CMB observables and reheat temperature as a window to models of inflation and freeze-in dark matter production

TL;DR

This paper presents a systematic method to use CMB data and reheating temperature to distinguish inflation models and connect them to dark matter production scenarios, with implications for future observations.

Contribution

It introduces a framework linking CMB observables, reheating temperature, and dark matter models, providing narrow testable bounds for inflation classes.

Findings

Reheating temperature is uniquely determined by CMB observables for standard reheating.

Narrow bounds on spectral index $n_s$ strongly test inflation models with current and future data.

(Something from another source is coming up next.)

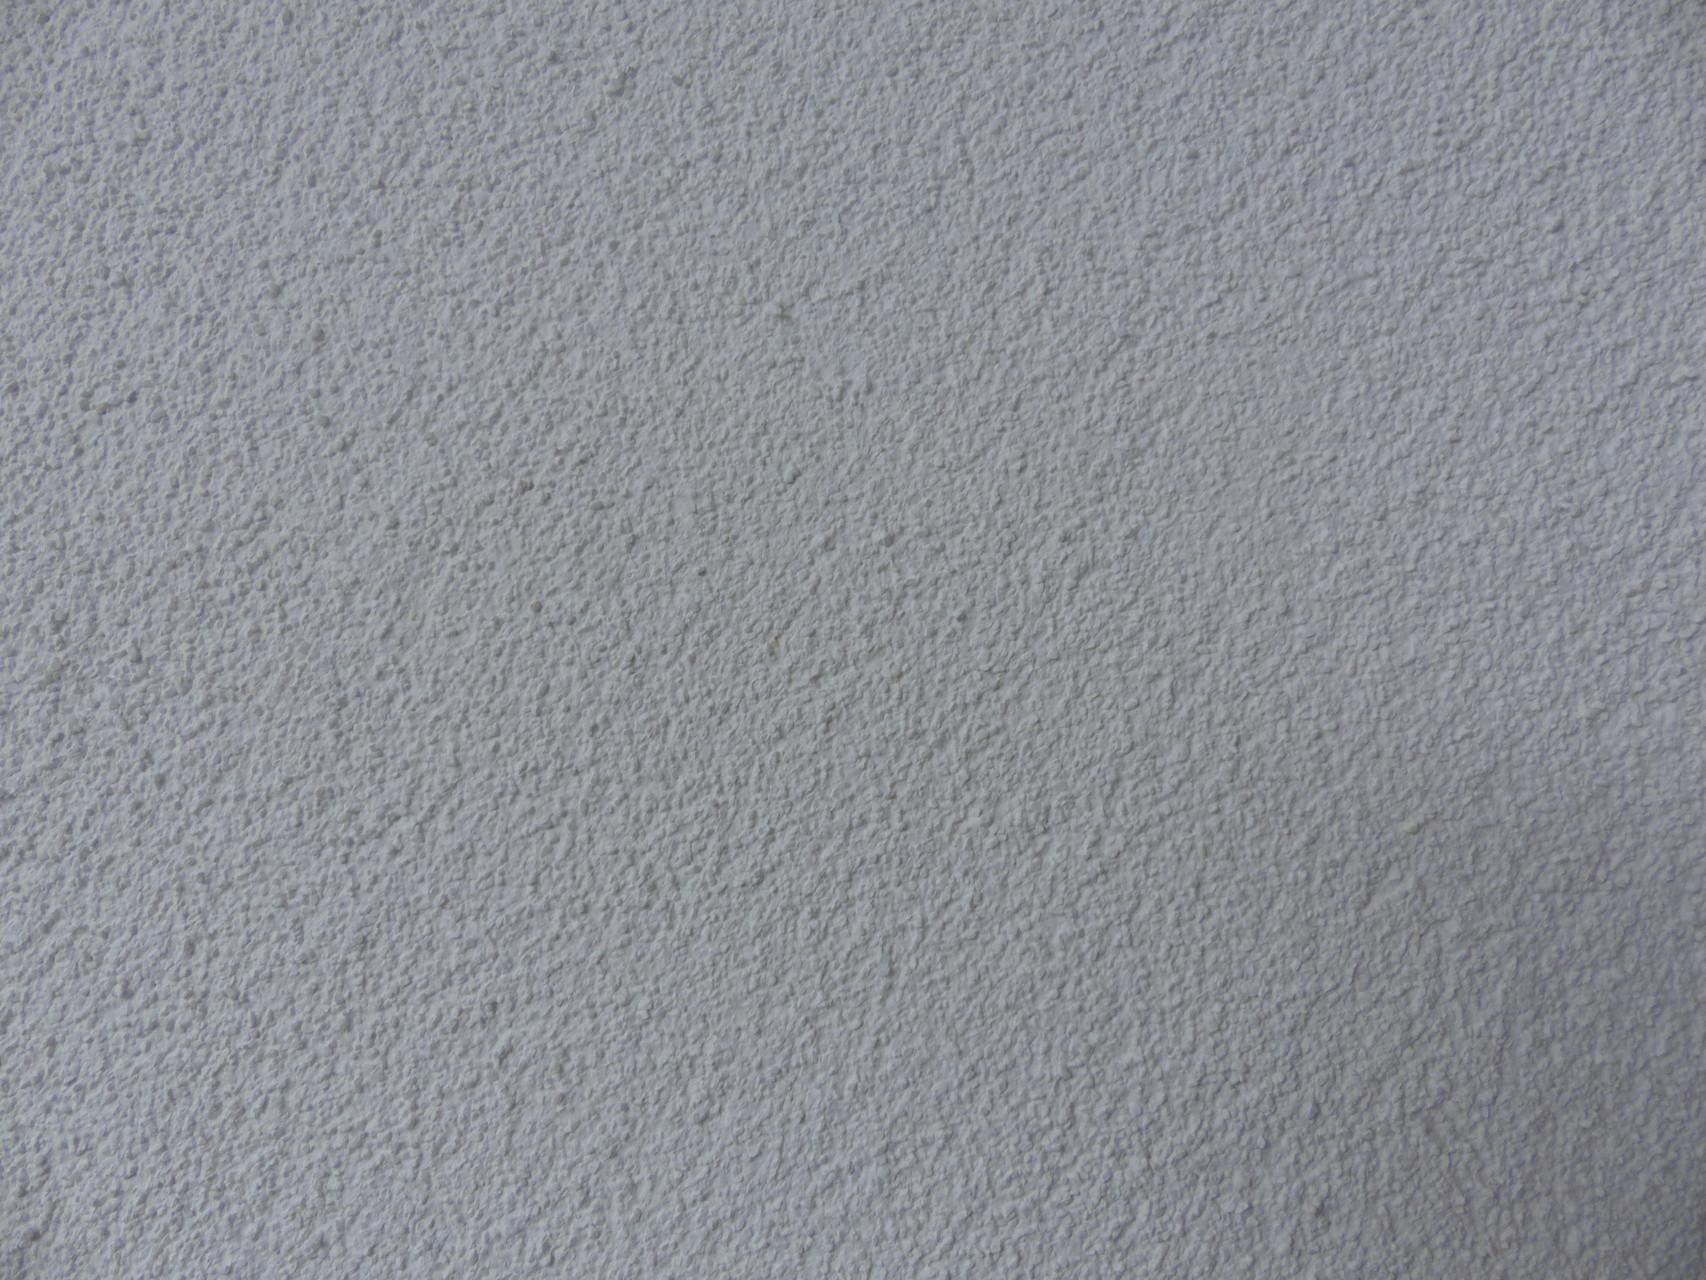 Außenputz: zweilagiges System aus Grundputz und mineralischer Oberputz

Reheating temperature constraints can inform dark matter production mechanisms.

Abstract

A systematic approach is presented for using CMB observables and reheating temperature for discriminating between various models of inflation and certain freeze-in dark matter scenarios. It is applied to several classes of $\alpha$-attractor models as an illustrative example. In the first step, all independent parameters of the inflationary potential are expressed in terms of the CMB observables (the three parameters - by the scalar spectral index $n_s$, scalar amplitude $A_s$ and the tensor-to-scalar amplitude ratio $r$). For a standard reheating mechanism characterized by the inflaton equation of state parameter $w$ and its effective dissipation rate $\Gamma$ the reheating temperature is uniquely fixed in terms of the CMB observables measured for some pivot scale $k_*$. There are striking consequences of this fact. The model independent bounds on the reheating temperature, the BBN lower bound and the upper bound of the order of the GUT/Planck scale, translate themselves for each class of models into very narrow ranges of the allowed values of the spectral index $n_s(k_*)$, providing their strong tests by the present and future CMB data. The recent tension between Planck and DESI-ACT results has strong impact on our conclusions. Furthermore, given a class of inflaton models satisfying those tests, the reheating temperature is an interesting portal to link the CMB observables to the particle physics scenarios that are sensitive to it. As an example, non-thermal dark matter (DM) production mechanisms are discussed. One obtains then a consistency check between theories of inflation and DM production. If the future precision of the CMB data will constrain the reheating temperature beyond the model independent bounds, further constraints on the DM production will follow.